For larger companies like Xilinx and Altera, however, this approach was not a viable option.  Recently, Xilinx has introduced what it calls “Targeted Design Platforms” that contain a combination of all of the elements listed above.  They have moved their tools to be even more automated, bundled them with IP and reference designs for specific applications and applications areas, added design services ready to help with targeted applications, and, most interestingly, created a new modular set of development boards where a common base board can be expanded for specific applications via daughter-cards.  Most of the daughter cards are connected by the emerging FMC (FPGA Mezzanine Card) standard.  The resulting packages give a huge boost to teams using FPGAs for applications that Xilinx and their partners have “targeted.”  

Xilinx layers these offerings into “Base Platforms” that everybody needs for designing anything with a Xilinx FPGA.  It includes the silicon, development board, tools, some common reference designs, and some widely-used IP blocks.  On top of the “Base Platform,” Xilinx offers “Domain-Specific” platforms.  These are more focused additions to the base platform for general problem areas like DSP, embedded design, connectivity, and so forth.  These platforms include higher-level methodologies and tools – such as specific development tools for doing embedded system design on an FPGA.  

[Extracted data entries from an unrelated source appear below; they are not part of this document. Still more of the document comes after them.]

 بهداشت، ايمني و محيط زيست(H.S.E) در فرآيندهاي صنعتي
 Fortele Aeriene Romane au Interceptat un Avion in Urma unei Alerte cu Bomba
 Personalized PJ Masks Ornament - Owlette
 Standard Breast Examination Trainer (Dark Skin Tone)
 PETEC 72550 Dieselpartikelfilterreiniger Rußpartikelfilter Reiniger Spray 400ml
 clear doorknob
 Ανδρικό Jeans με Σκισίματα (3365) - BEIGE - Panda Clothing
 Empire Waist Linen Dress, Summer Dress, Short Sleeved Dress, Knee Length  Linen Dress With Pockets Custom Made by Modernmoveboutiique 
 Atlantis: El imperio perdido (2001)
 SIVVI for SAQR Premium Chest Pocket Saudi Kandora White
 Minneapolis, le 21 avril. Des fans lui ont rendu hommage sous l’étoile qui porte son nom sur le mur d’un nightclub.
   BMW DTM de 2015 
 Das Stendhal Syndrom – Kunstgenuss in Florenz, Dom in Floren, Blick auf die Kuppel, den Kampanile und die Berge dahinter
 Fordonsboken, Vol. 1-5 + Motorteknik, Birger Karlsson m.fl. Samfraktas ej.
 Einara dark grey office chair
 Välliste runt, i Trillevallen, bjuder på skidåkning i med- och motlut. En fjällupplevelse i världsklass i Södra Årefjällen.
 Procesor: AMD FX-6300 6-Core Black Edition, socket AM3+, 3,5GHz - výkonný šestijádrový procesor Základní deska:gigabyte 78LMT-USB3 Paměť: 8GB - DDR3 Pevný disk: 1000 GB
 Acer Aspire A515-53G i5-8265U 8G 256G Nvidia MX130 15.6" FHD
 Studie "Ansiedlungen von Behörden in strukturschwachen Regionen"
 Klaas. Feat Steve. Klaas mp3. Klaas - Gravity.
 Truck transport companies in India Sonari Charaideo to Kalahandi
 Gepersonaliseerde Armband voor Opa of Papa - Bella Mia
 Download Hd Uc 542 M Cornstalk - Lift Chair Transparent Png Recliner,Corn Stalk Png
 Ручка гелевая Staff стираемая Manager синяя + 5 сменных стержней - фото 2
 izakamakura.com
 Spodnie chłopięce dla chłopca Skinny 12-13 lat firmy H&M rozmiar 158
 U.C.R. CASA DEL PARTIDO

The final layer is what Xilinx calls a “Market-Specific Platform”.  This is a final addition of very specific tools, IP, reference designs, and daughter boards that are aimed at a particular market such as automotive, consumer, communications, AVB, or ISM.  These include more components from third-party partners, and they get many designs far down the road to completion before the designer even steps in.  While “not-invented-here (NIH)” syndrome may prevent some design teams from taking full advantage of such pre-made offerings, there is something comforting about taking the design kit out of the box, plugging it in, and having something very close to your application up and running before you even begin your design work.  You then have the flexibility to replace what you want with your own (far superior, of course) custom-designed blocks, while using the included ones for more pedestrian tasks.

We expect to see more companies taking advantage of this kind of pre-packaged approach to FPGA design.  Much as early microprocessor adoption was more dependent on development kits than on processor superiority, FPGA adoption in emerging markets may go to the company with the most approachable design kits rather than the one with the best silicon.